India's largest carmaker, Maruti Udyog Ltd, striving to break into profits, is finalising plans to enter the used car business this year, its chief executive said.

"We are in the process of finalising the business plan (to get into the used car business)...it will be this financial year," Jagdish Khattar, Maruti Udyog's managing director, said.

The automaker, in which the Indian government and Japan's Suzuki Motor Corp each hold 50 per cent stake, has a dominating 58 per cent share of the country's car market but was hit last year by sliding sales and higher costs.

Khattar said the company was working with consulting firm A T Kearney in drawing up the plan and the firm would help it with its implementation as well.

Several Indian car firms are contemplating an entry into India's used car business, with the local unit of Ford being the most recent entrant, in a bid to persuade customers to exchange older cars for new ones and help revive growth.

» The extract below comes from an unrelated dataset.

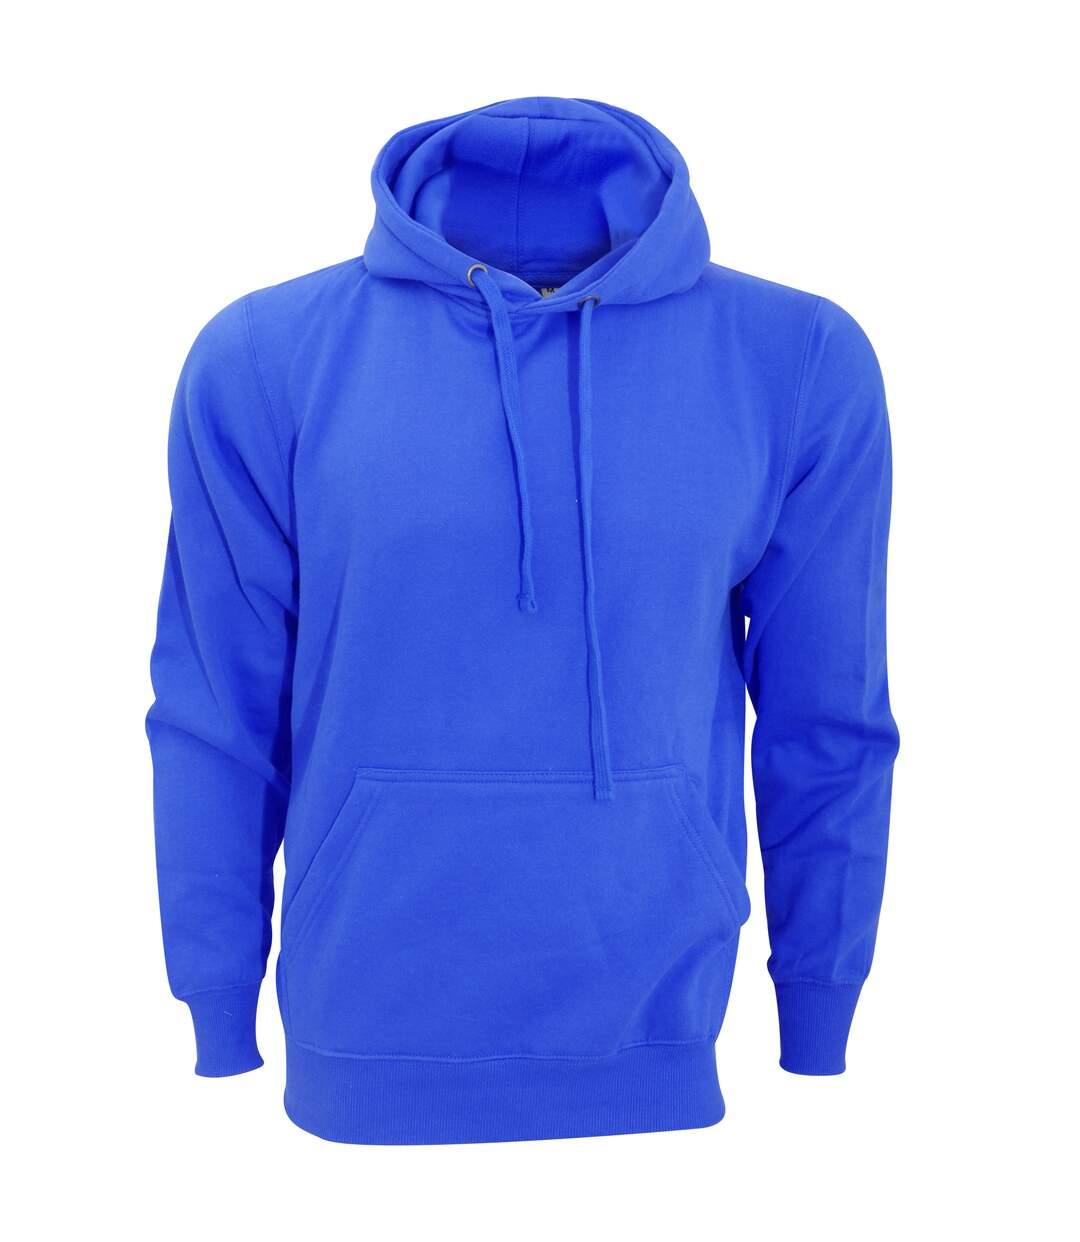 FDM Unisex Tagless Hooded Sweatshirt / Hoodie (Royal) - UTBC2031

India's new car sales fell 7.5 per cent in the past financial year to March and sales in April-July have grown a mere 2.82 per cent.

The potential for Maruti's used cars business could be considered large since it has sold nearly 3.4 million cars in the domestic market since it began production in the mid-eighties.

Most other Indian car makers -- second-ranked Hyundai, third-ranked Tata Engineering and Locomotive Company Ltd and Ford -- are relatively younger companies, having begun selling cars only a few years ago.

Large dealer network

Maruti's used car business can also leverage its existing sales outlets which include 229 dealer outlets in 141 cities. Khattar said the company had still not made up its mind on whether to recondition cars made by other manufacturers as well.

It also has plans to get into other businesses including car financing, car insurance, and corporate lease and fleet management.

The chief executive of the Delhi-based carmaker also said the company would introduce an employee separation programme later this year as part of a larger cost cutting initiative.

A combination of adverse state taxes, higher costs and bruising price cuts pushed the automaker to an unaudited net loss of Rs 2.53 billion in the past year to March from a profit of Rs 3.3 billion in the previous year.

Its vehicle sales fell 13.7 per cent in 2000-01 but domestic car sales in April-August, the first five months of the current financial year, have rebounded to grow 11.9 per cent.

Earlier this year, the company's finance director told Reuters he expected revenues to rise 24.3 per cent in 2001-02 to Rs 115 billion from Rs 92.53 billion a year earlier.